The strange stray gave ground with each step, a little more each time, but unlike Sonja, Yuriya saw that she was not particularly pressed; she could have stayed where she was and had precisely the same amount of difficulty in avoiding harm. Sonja pursued doggedly in turn, the power flowing through her turning her conviction into zeal. The spatha’s strikes were too strong and held too much power for the stray to guard against, slight as she was, and the solution the stray had was hauntingly familiar. There was only one being she knew of who parried in quite that fashion, and the look in the stray’s eye confirmed it.
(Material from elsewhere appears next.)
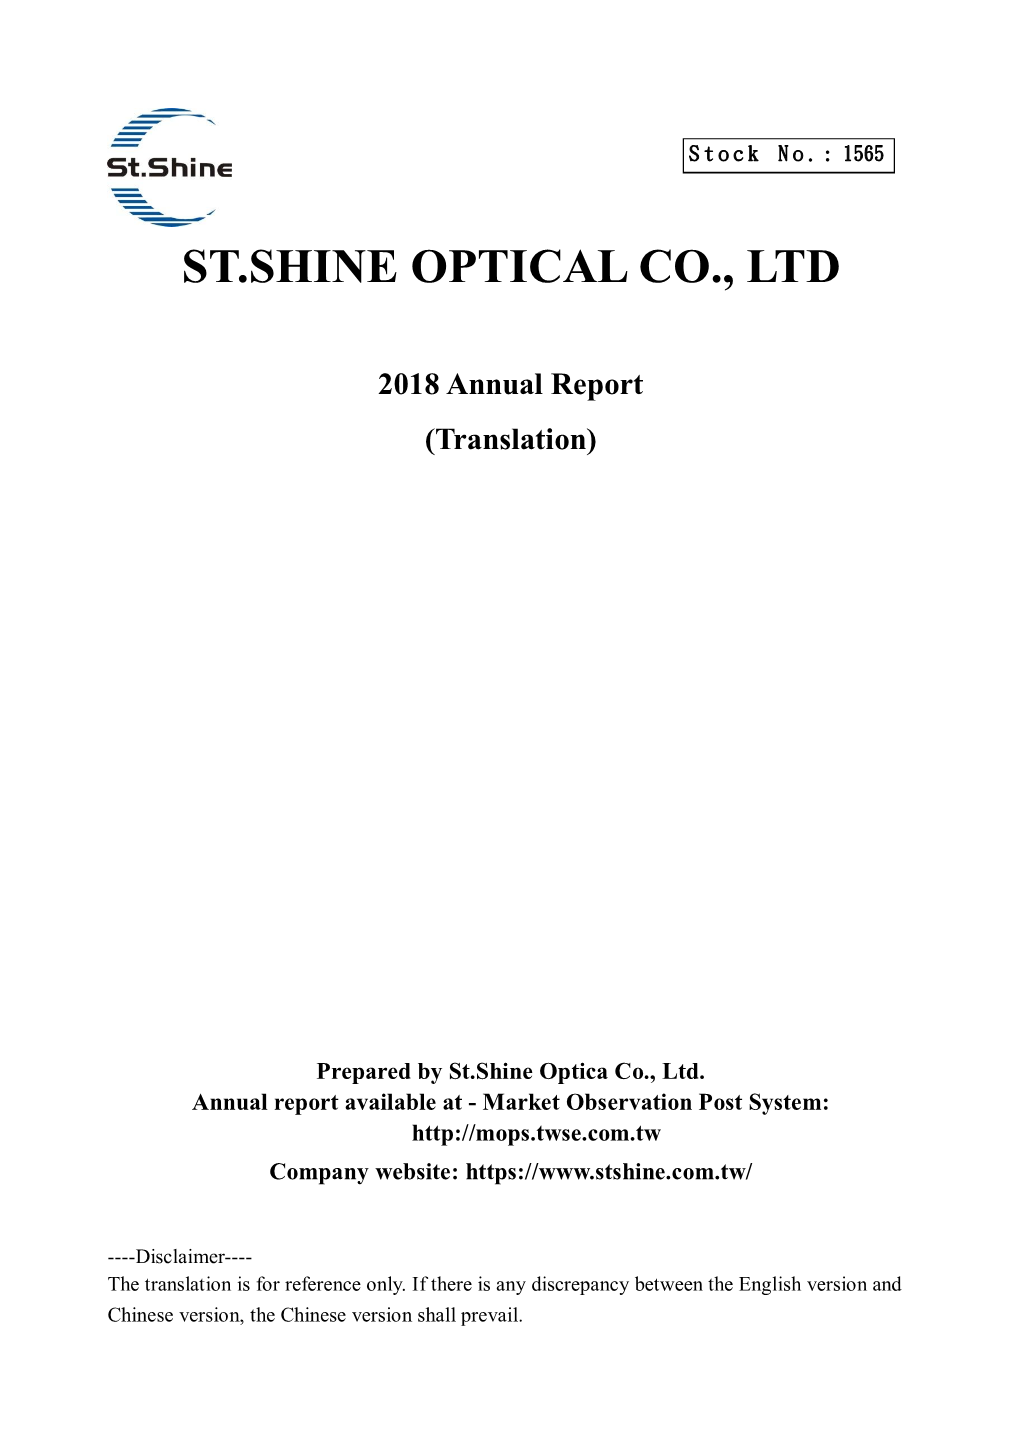 2018 Annual Report (Translation)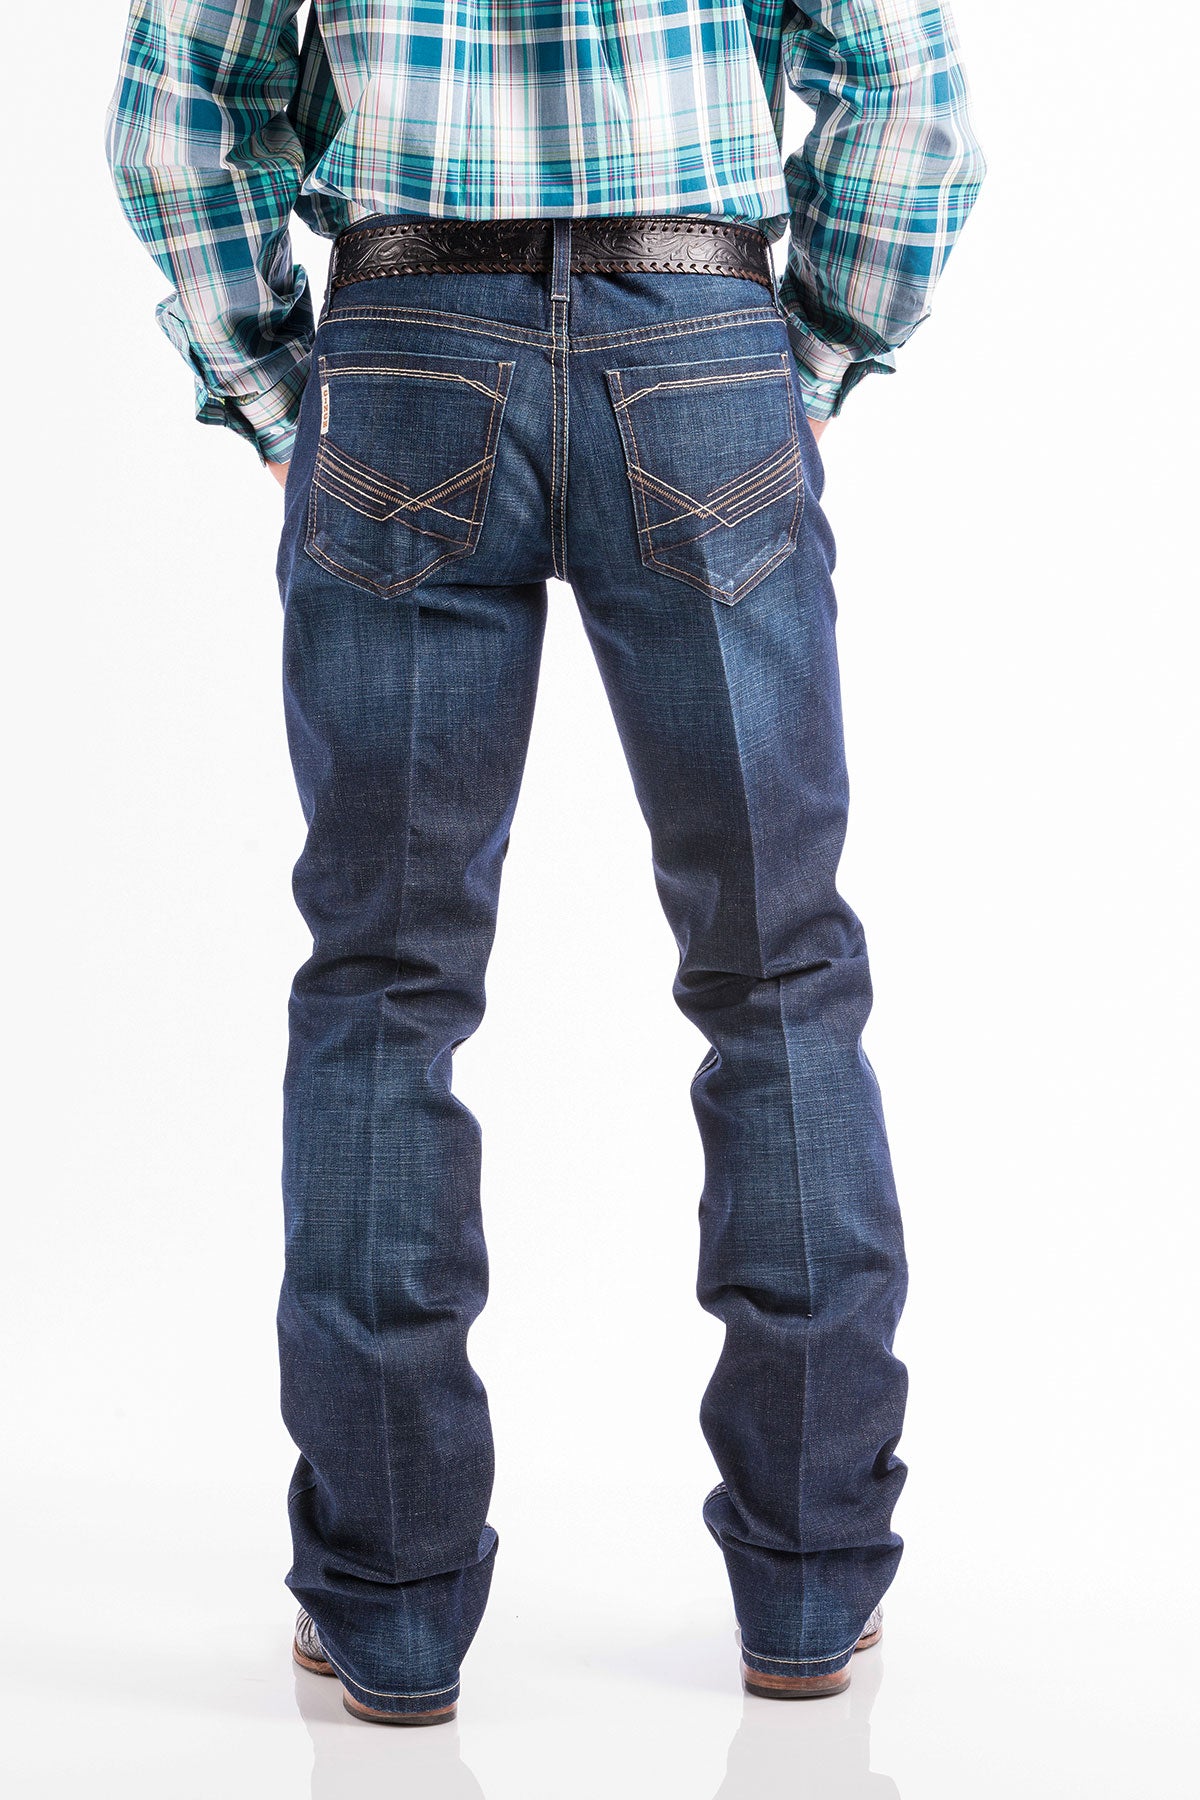 cinch ian slim fit bootcut jeans

The strength flowing through Sonja redoubled and intensified, as did the speed of her flurry and her cuts, to the point where her sword produced enough shearing force to cause a vacuum; when the displaced air rushed to fill the gap, it tore up the worn cobblestone with it. They were a blur that experienced professional soldiers would not be able to parse—and though Yuriya was so far above that level of proficiency that those that far beneath her were not even worth the effort they took to kill, miniscule though it was, the sight was still an impressive display considering one of them had only been wielding their weapon for a handful of days by this point. With this amount of force coming at her, the stray’s parrying sent streams of debris flying into nearby buildings, where they cratered walls and shattered windows as they ran amok. The technique Sonja was using, in building up momentum to strike harder and faster, was one Yuriya’s little brother was fond of, as it put him at an advantage against most foes, intensifying his assault as their stamina quickly burned away.

The downside to Sonja’s built-up speed, however, was its intricacy. An ordinary opponent would never be able to pick out the one point of her attack strategy that would make the entire thing collapse, and if Yuriya was honest with herself, the stray she had laid eyes upon the previous night would have been dead several times over by now, and was in a more general sense incapable of that feat. Yet, at the exact right moment, neither a hair too early nor a moment too late, the stray struck forth, weaving effortlessly through the assault to bash a specific point on Sonja’s sword arm and bloody Sonja’s face with a pair of well-placed pommel strikes that each resounded with the harsh crunch of breaking bone; Sonja’s arm slackened as the nerve cluster went dead in unison with her skull’s recoil, causing her to stagger, and giving the stray an in.

The black kriegsmesser leapt into action, four diagonal cuts landing in quick succession, before with a swing in the air that lead into a leaping pirouette that streamed with writhing, crackling scarlet-and-sable energy, the surprisingly nimble weapon brought itself tearing in a brutally elegant cleave across Sonja’s body. Her niece had the wherewithal to bring up her shield to take the brunt of the cut, but the sword sheared through her aspis and cut her nearly in twain.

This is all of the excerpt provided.